Members of the class are initialized by themselves. And it turns out that they remain uninitialized. Probably the data from the 'o' object should have been used. It seems to me that the constructor should look like this:

BOOST_UBLAS_INLINE
compressed_matrix_view(const compressed_matrix_view& o) :
  size1_(o.size1_), size2_(o.size2_),
  nnz_(o.nnz_),
  index1_data_(o.index1_data_),
  index2_data_(o.index2_data_),
  value_data_(o.value_data_)
{}

Fragment N3. Inaccuracy in freeing up memory

static std::basic_string get(char const* source = "")
{
  ....
  std::auto_ptr result (new wchar_t[len+1]);
  ....
}

PVS-Studio diagnostic message: V554 Incorrect use of auto_ptr. The memory allocated with 'new []' will be cleaned using 'delete'. tree_to_xml.ipp 71 The

container 'std :: auto_ptr' is an inappropriate type for storing a pointer to an array of objects. To destroy the array, the operator 'delete' will be used, not 'delete []'. Most likely not a fatal, but a real mistake. The danger of such errors is well described in the article " delete, new [] in C ++ and urban legends about their combination ."

A similar error is present here: generate_static.hpp 53.

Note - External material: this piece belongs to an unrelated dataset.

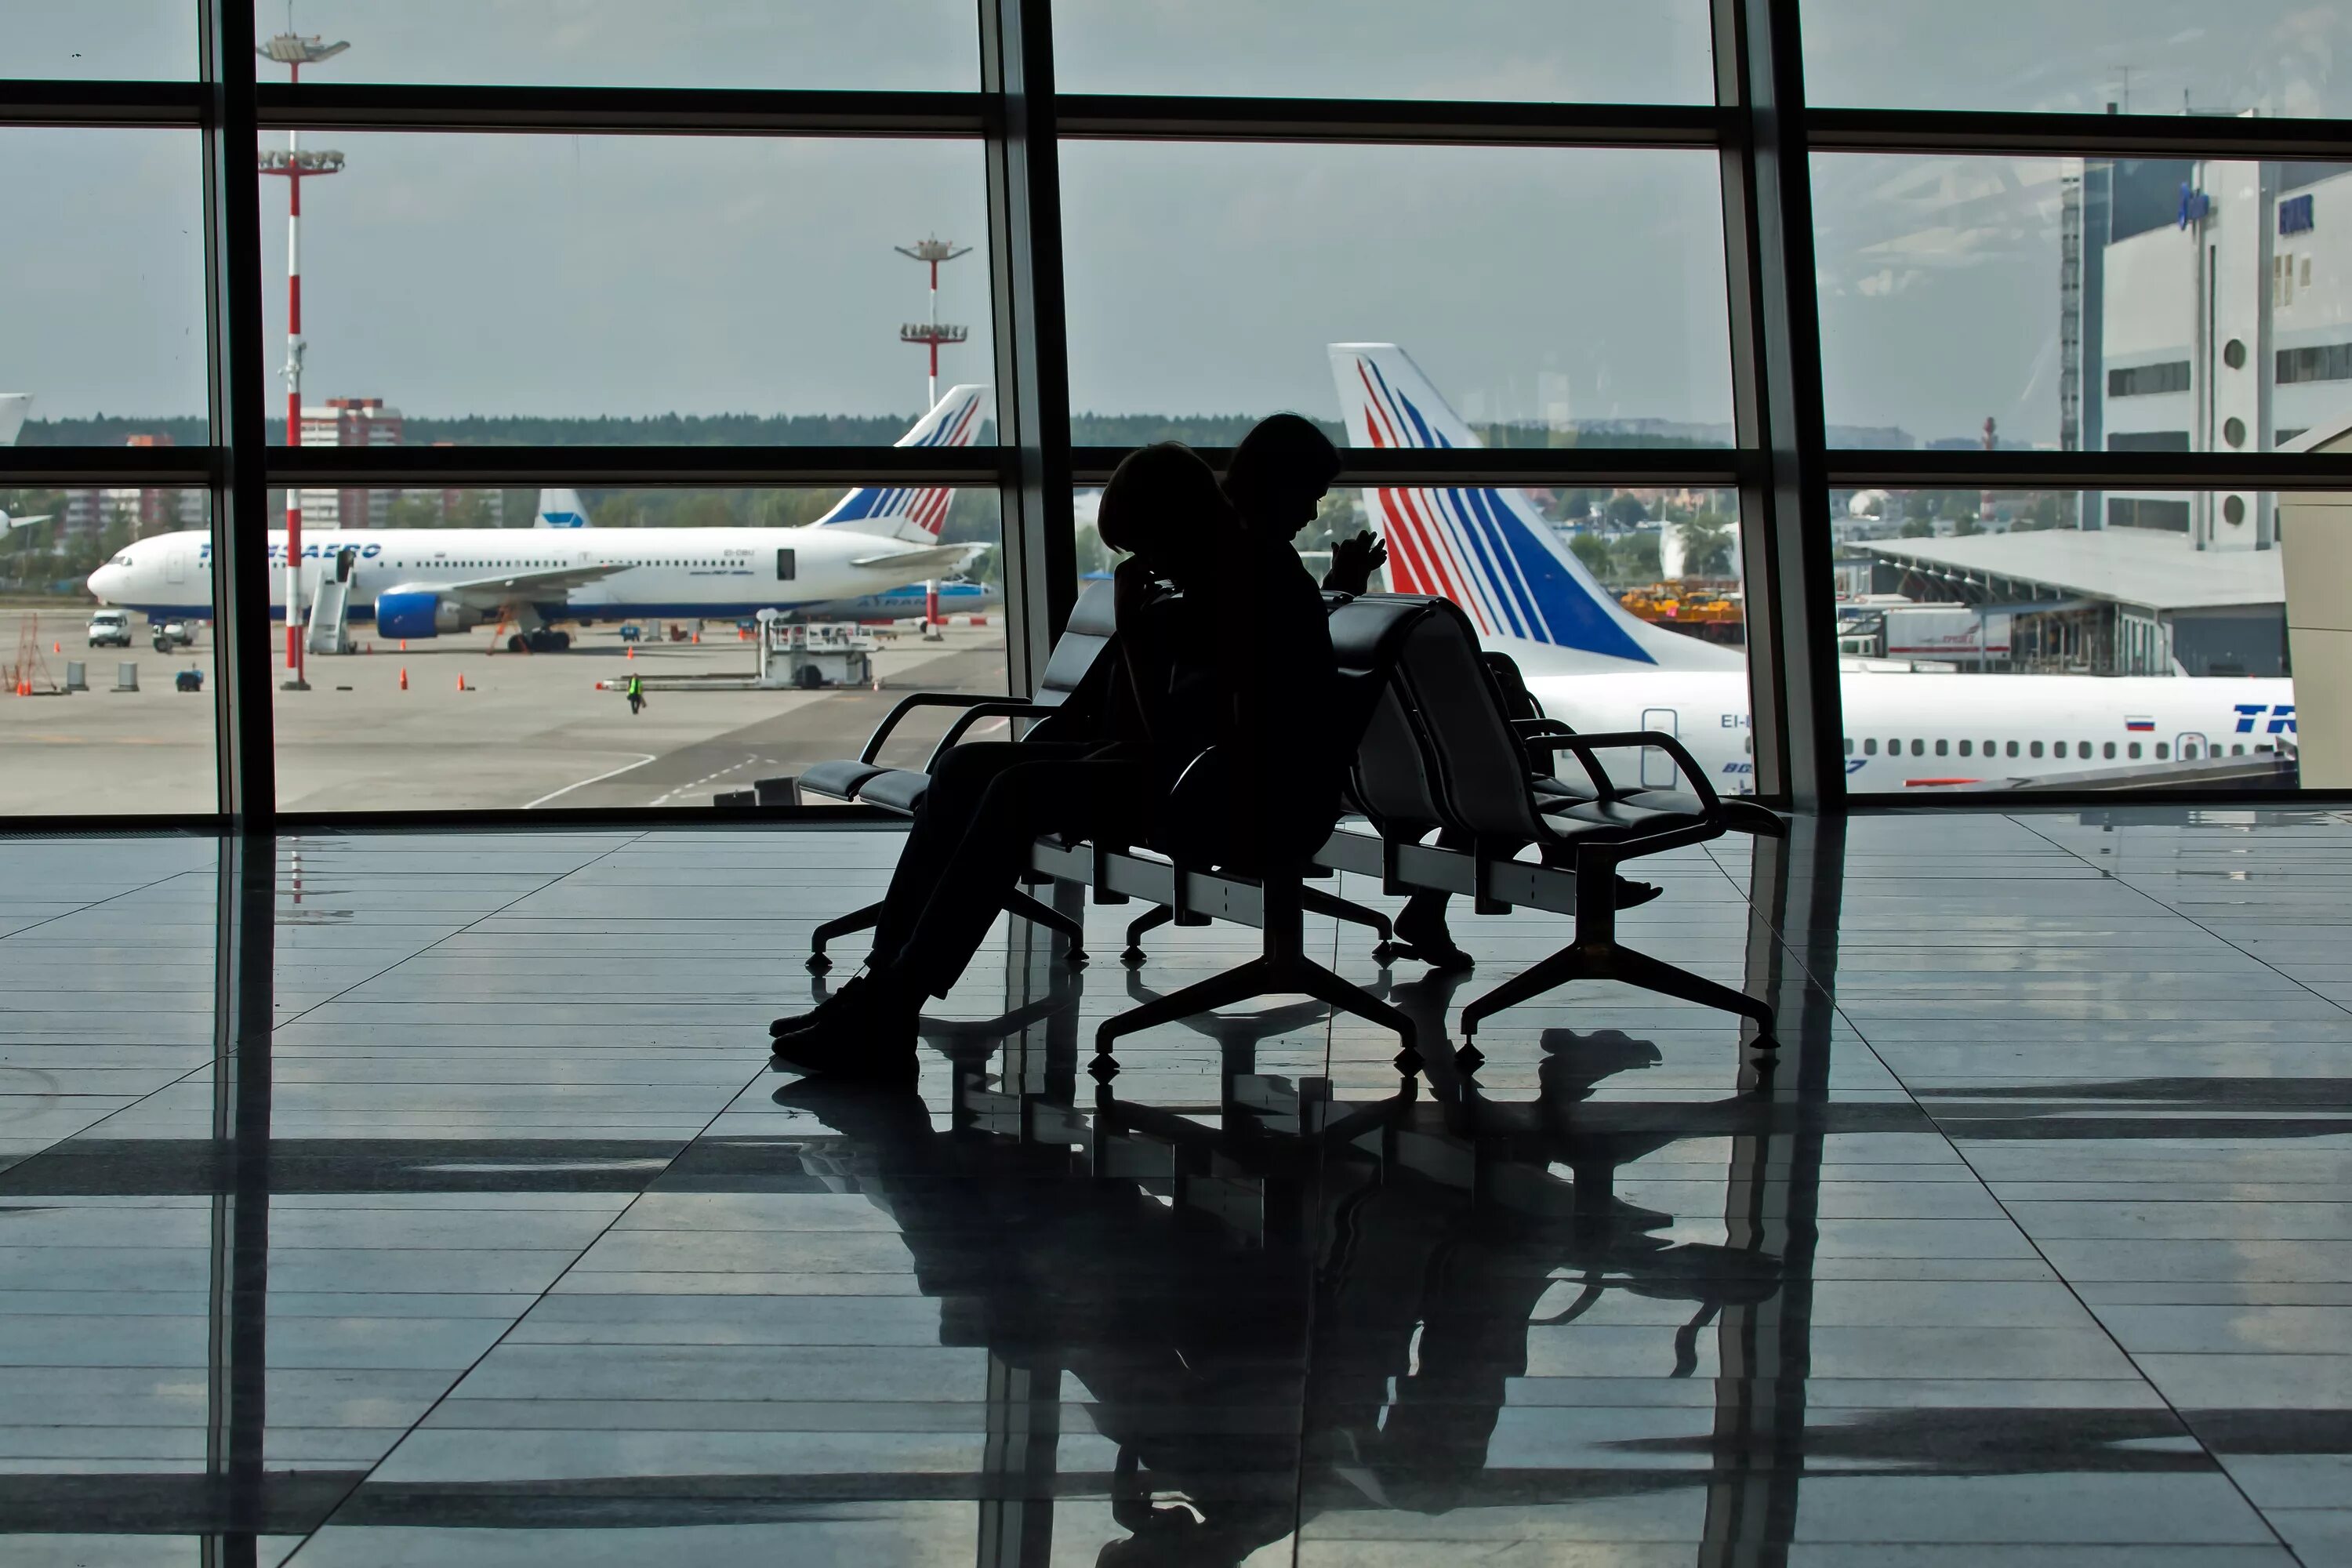 Аэропорт Внуково зал ожидания. Самолет и аэропорт. Окно аэропорта. Ожидание самолета в аэропорту.

Fragment N4. Classics of the genre. SOCKET

In my opinion, it is rarely possible to meet a project where there is not at least one error associated with the use of the SOCKET type. Let me remind you the essence of the trouble. Often the status of the operation is checked as follows:

SOCKET s = Foo();
if (s < 0) { Error(); }

Such verification is illegal. You should compare the variable with the constant SOCKET_ERROR. However, programmers are often lazy and write “socket <0” or “socket> = 0”.

On Linux, the SOCKET type is iconic and similar hackwork gets away with. On Windows, the SOCKET type is unsigned. As a result, conditions are always false and error situations are not handled in any way.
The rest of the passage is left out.